#### Task statement:
Scan the listing below. Return every line containing the string "para".

#### Data excerpts:
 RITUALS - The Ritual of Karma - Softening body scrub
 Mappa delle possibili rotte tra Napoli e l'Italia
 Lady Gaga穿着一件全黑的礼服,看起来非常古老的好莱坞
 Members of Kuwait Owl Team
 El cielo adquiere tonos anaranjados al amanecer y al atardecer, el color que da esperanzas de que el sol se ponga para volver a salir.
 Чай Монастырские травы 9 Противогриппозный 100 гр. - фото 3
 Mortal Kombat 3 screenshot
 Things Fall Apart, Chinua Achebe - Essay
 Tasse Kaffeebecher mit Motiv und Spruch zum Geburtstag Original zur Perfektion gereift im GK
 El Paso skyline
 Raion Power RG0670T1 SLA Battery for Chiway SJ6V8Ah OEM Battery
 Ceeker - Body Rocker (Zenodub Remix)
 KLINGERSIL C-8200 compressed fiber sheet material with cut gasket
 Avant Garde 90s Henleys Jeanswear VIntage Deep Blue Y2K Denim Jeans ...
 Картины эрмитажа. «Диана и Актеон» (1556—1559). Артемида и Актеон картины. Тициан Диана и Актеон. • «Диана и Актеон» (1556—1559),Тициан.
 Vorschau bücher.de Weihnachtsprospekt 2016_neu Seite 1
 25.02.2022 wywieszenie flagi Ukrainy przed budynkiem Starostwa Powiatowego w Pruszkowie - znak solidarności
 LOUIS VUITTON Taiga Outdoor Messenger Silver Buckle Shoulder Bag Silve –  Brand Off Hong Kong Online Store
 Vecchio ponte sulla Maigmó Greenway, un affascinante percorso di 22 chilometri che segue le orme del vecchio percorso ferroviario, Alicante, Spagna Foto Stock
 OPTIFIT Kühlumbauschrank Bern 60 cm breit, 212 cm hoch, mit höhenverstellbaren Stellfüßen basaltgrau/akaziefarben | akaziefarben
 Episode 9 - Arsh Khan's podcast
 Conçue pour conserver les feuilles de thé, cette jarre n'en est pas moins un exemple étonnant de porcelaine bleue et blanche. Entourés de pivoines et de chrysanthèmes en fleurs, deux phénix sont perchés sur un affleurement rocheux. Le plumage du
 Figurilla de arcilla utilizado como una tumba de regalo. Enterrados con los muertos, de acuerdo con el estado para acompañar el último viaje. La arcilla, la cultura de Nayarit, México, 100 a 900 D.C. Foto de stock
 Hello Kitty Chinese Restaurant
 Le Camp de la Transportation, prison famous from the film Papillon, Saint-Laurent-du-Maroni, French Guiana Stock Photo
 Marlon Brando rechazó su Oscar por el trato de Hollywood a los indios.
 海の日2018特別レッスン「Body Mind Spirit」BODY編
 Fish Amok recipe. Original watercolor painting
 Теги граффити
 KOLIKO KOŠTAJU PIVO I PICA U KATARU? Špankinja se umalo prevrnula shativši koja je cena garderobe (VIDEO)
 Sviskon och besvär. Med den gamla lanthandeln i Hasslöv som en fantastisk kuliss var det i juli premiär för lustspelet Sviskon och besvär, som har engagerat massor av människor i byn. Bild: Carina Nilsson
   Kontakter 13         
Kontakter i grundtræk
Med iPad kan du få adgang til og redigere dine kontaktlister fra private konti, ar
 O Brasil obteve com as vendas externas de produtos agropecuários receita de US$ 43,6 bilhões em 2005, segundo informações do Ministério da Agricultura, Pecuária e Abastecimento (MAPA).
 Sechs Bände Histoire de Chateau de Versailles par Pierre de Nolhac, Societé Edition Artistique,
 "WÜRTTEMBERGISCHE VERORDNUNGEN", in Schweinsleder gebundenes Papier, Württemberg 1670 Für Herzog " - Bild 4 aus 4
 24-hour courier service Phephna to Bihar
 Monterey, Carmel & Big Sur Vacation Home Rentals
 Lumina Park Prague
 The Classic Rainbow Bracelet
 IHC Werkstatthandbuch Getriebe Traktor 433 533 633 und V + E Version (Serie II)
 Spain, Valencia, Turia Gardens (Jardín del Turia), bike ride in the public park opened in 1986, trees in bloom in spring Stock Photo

#### Solved problem:
 El cielo adquiere tonos anaranjados al amanecer y al atardecer, el color que da esperanzas de que el sol se ponga para volver a salir.
 Figurilla de arcilla utilizado como una tumba de regalo. Enterrados con los muertos, de acuerdo con el estado para acompañar el último viaje. La arcilla, la cultura de Nayarit, México, 100 a 900 D.C. Foto de stock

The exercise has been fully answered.